In Portland, Oregon, Katherine Flippin was born Mary Katherine Stewart to parents McCants and Mary Weir Stewart. During her final year of high school, she dropped out and began a fifteen-year stint working in a department store.

Stewart married Robert Browning Flippin, a community activist and future executive director of the Booker T. Washington Community Service Center. In 1918, they moved to San Francisco. Their marriage is featured in the 2010 book Stormy Weather: Middle-Class African American Marriages Between the Two World Wars.

After getting married, Flippin finished high school and went on to earn both a bachelor's and a master's degrees in early childhood education at San Francisco State College. During this time, she was a supervising teacher in the nursery school at the college. In 1949, Flippin was appointed to the faculty. She established Aid for Brain-Damaged Children, Inc., an experimental unit focused on how non-motor disabled, brain-injured children deviate in visual and auditory areas. Flippin also was a teacher at the Northern California School for Cerebral Palsied and Others.

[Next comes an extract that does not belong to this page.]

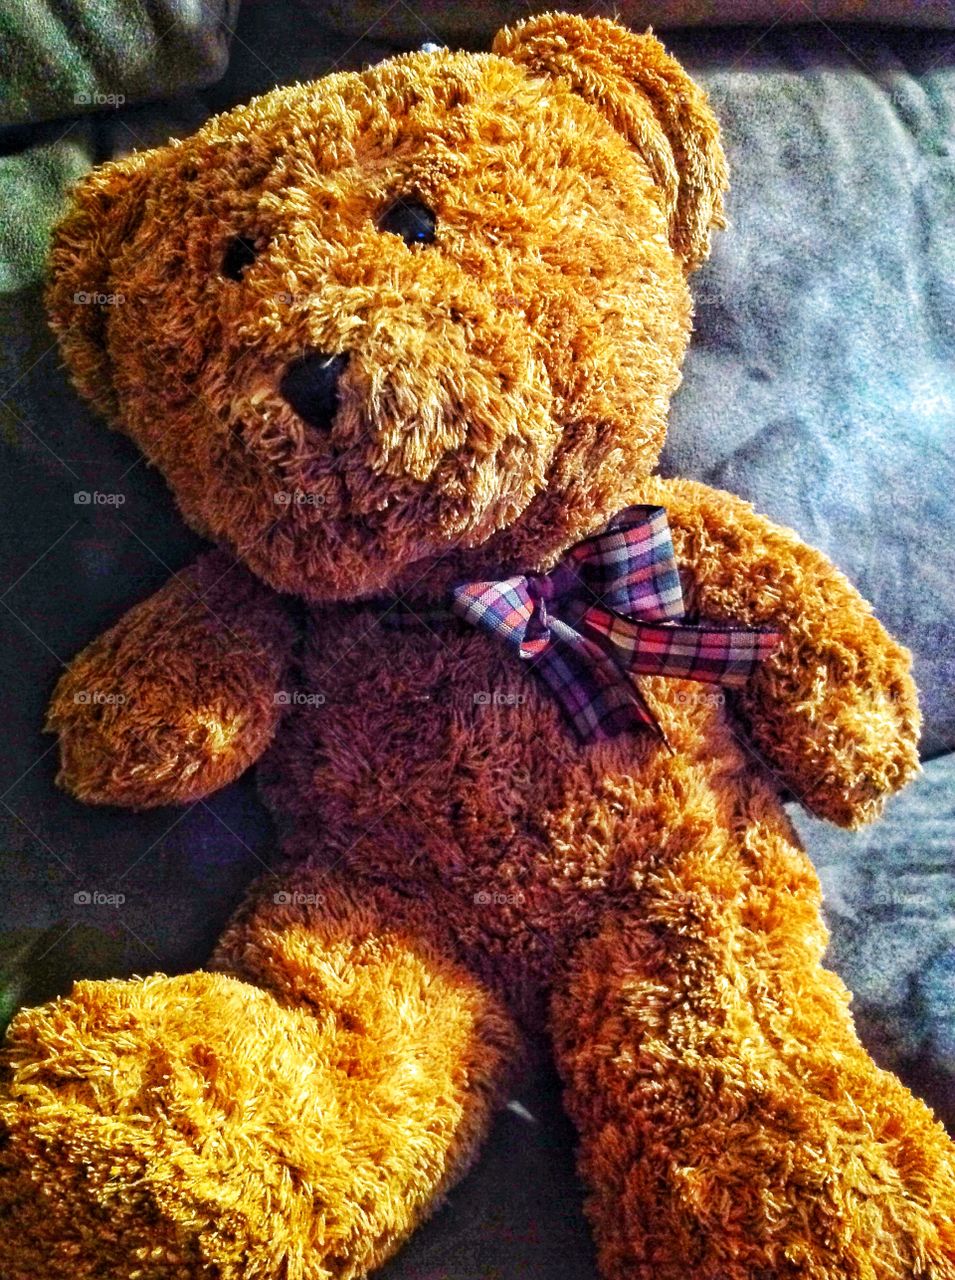 Teddy a kids best friend

In 1966, Flippin started as a coordinator for the Head Start program in Pacifica, California. From 1968 until her retirement in 1972, she acted as the director of Cooper's Corner Child Care Center.

In 1967, Flippin donated the papers of her father, McCants Stewart, to Howard University.

A former president of Kappa Delta Pi, she was also an active member in the NAACP, San Francisco Consumer Action, and Children's Home Society. She was the niece of Carlotta Stewart Lai, who was a teacher and educator in Hawaii's public school system for about four decades.